Стерва оскорбительно улыбнулась:
— Наши детали ничуть не хуже немецких.
— Как вам будет угодно.
Мишакова оказалась права: антенна работала не хуже немецкой, а изображение на экранчике, имевшем аж целых двадцать девять сантиметров по диагонали, оказалось в пределах нормы. Правда, почему-то изоляция на некоторых участках провода оказалась слегка зачищена шкуркой.

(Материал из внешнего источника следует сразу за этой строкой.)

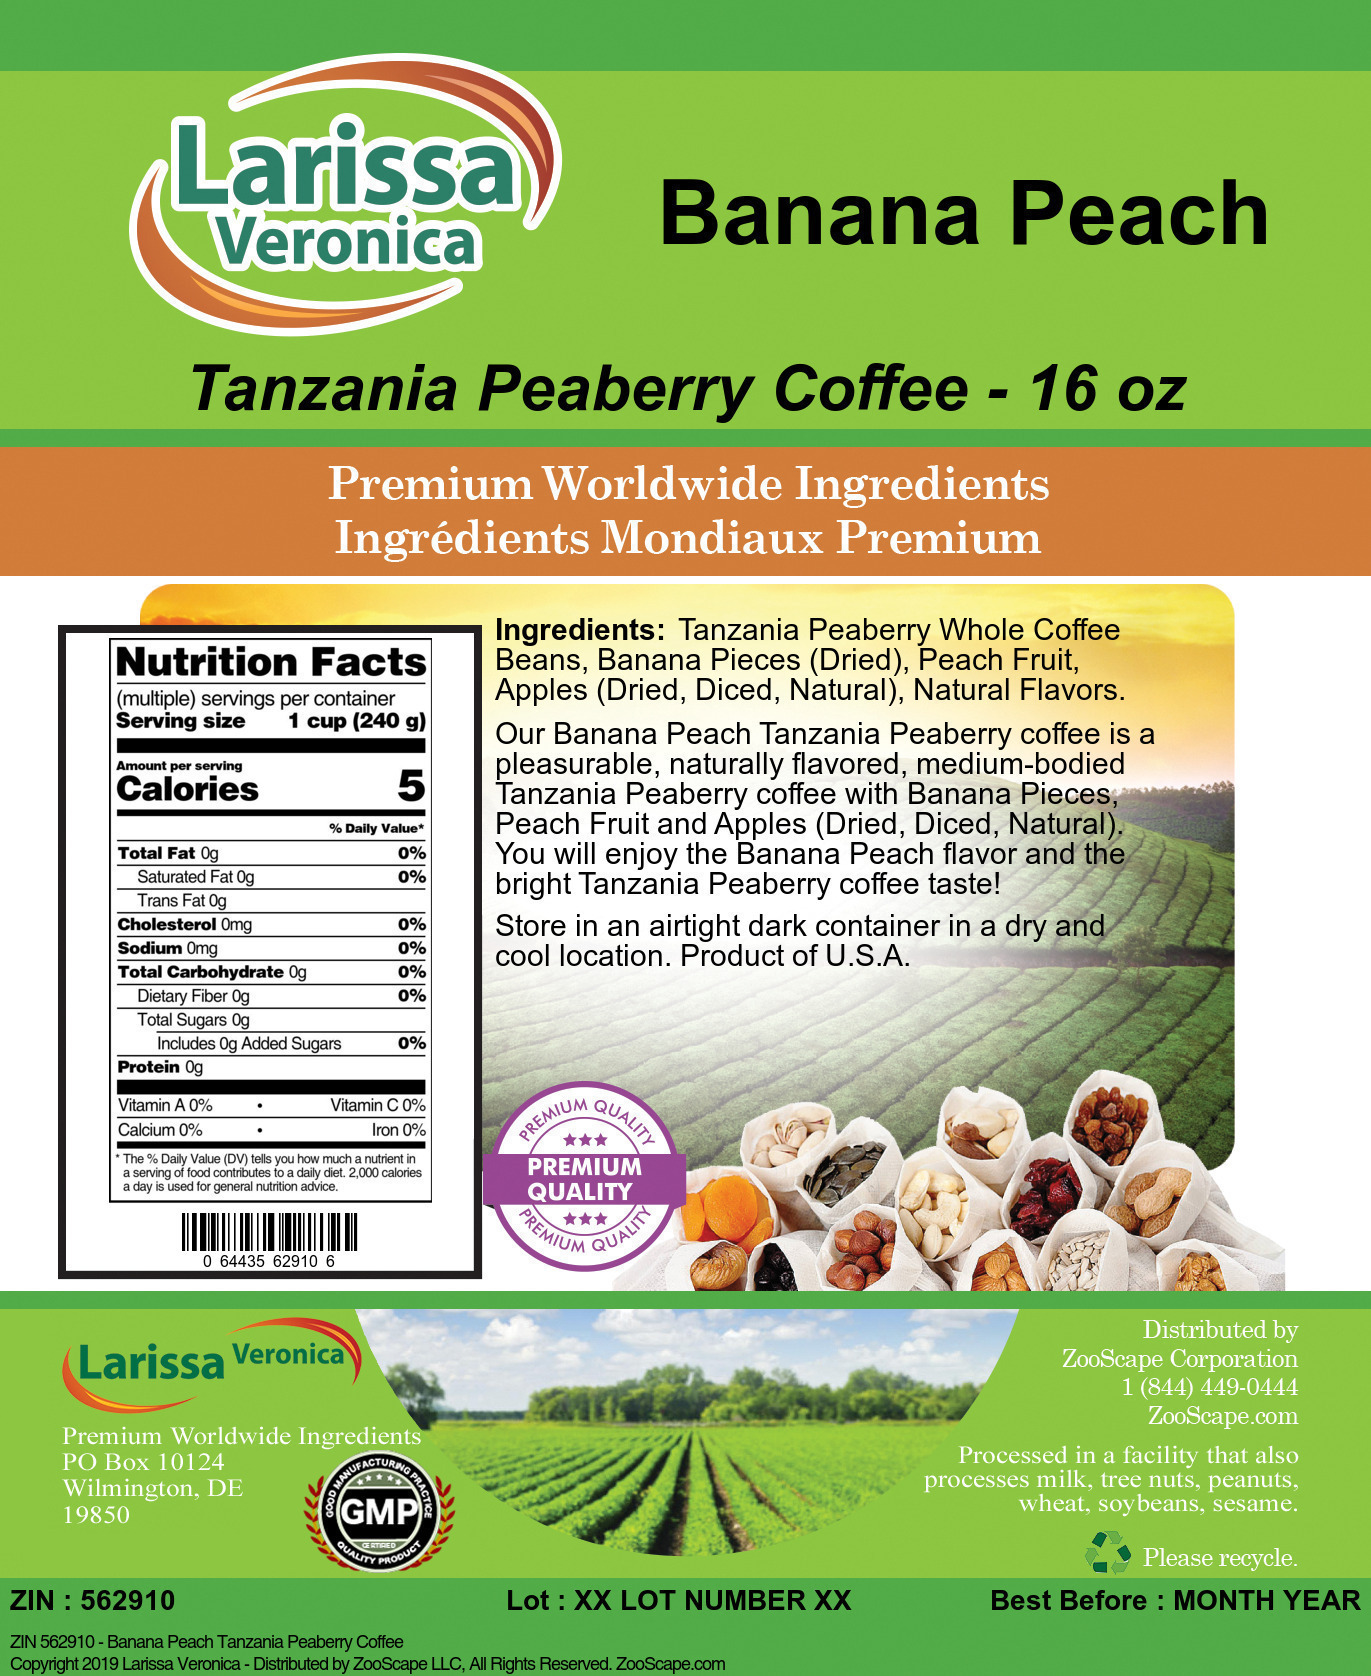 Banana Peach Tanzania Peaberry Coffee - Label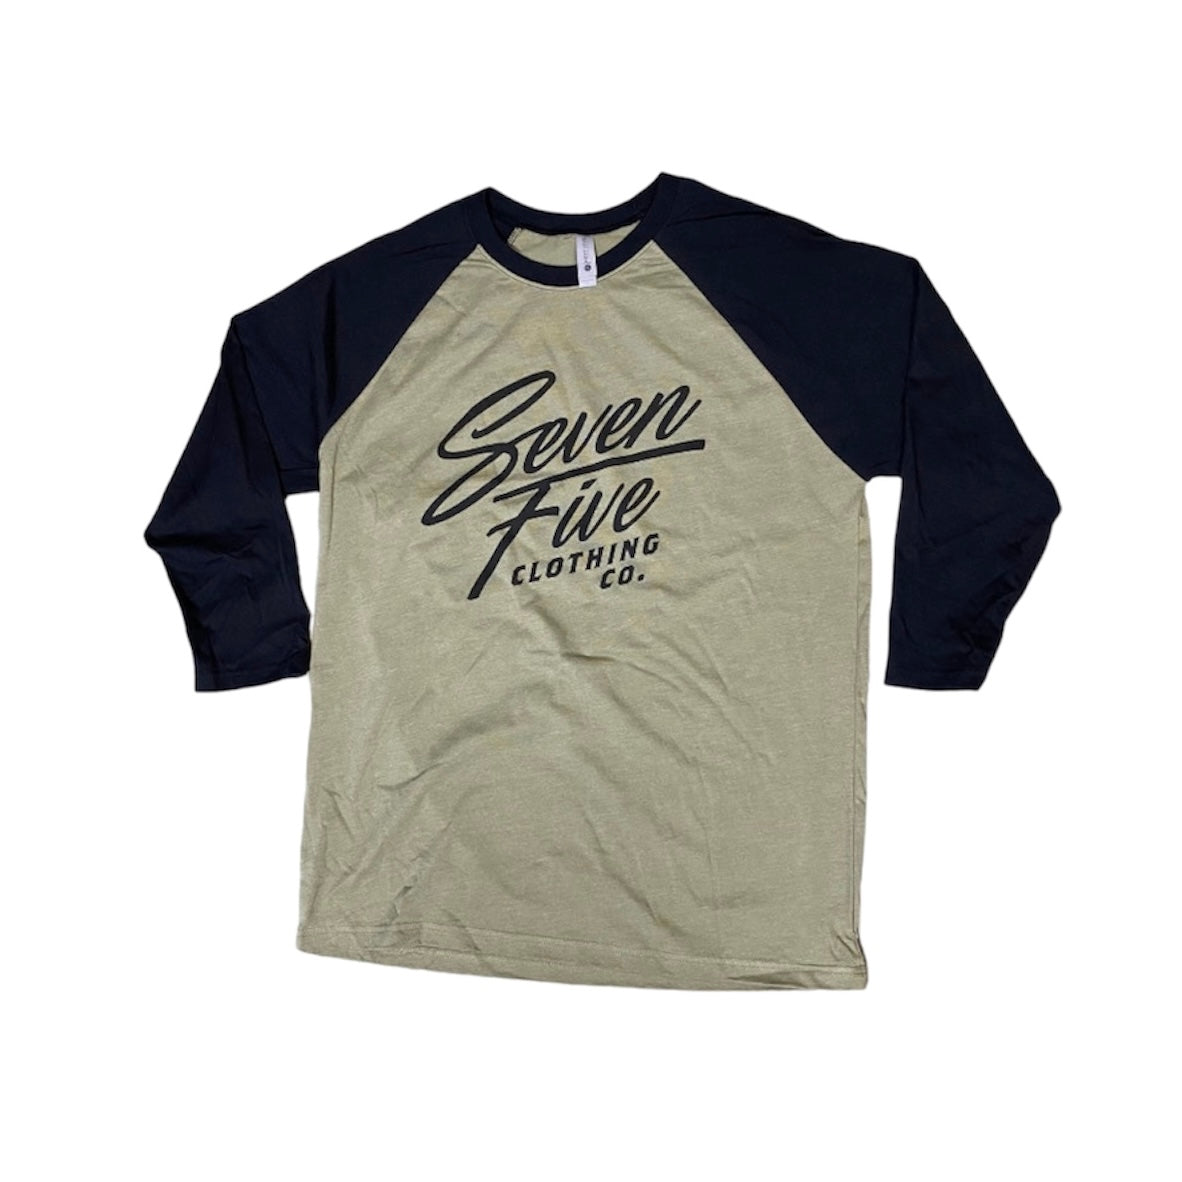 Seven Five Script Baseball tee - Mil Green/Black - 7Five Clothing Co.

Но сразу после того, как монтажник завершил работу, начальник герра Леопольда Кёллера известил другого чиновника о пожелании русских дипломатов. А тот по должности был связан с гестапо. Германскую контрразведку не особо волновало то, что русские будут принимать на эту антенну. Над зданием посольства возвышались антенны куда более хитроумные. Но вот насчет передач…
Слежку наладили тщательно, что и говорить. Начальник службы контрразведки "Восток" штурмбанфюрер СС Вальтер Кубицки не верил, что передачи с этой антенны не ведутся. Специалисты, разумеется, организовали качественную прослушку квартиры. Аппаратура могла бы услышать даже работу на ключе. И ничего. Никаких результатов ни на слух, ни в одном радиодиапазоне.
Стоит заметить, что антенна не стояла на крыше без дела. Телевизор в квартире Мишаковых работал регулярно. И муж, и жена вполне недурно понимали по-немецки.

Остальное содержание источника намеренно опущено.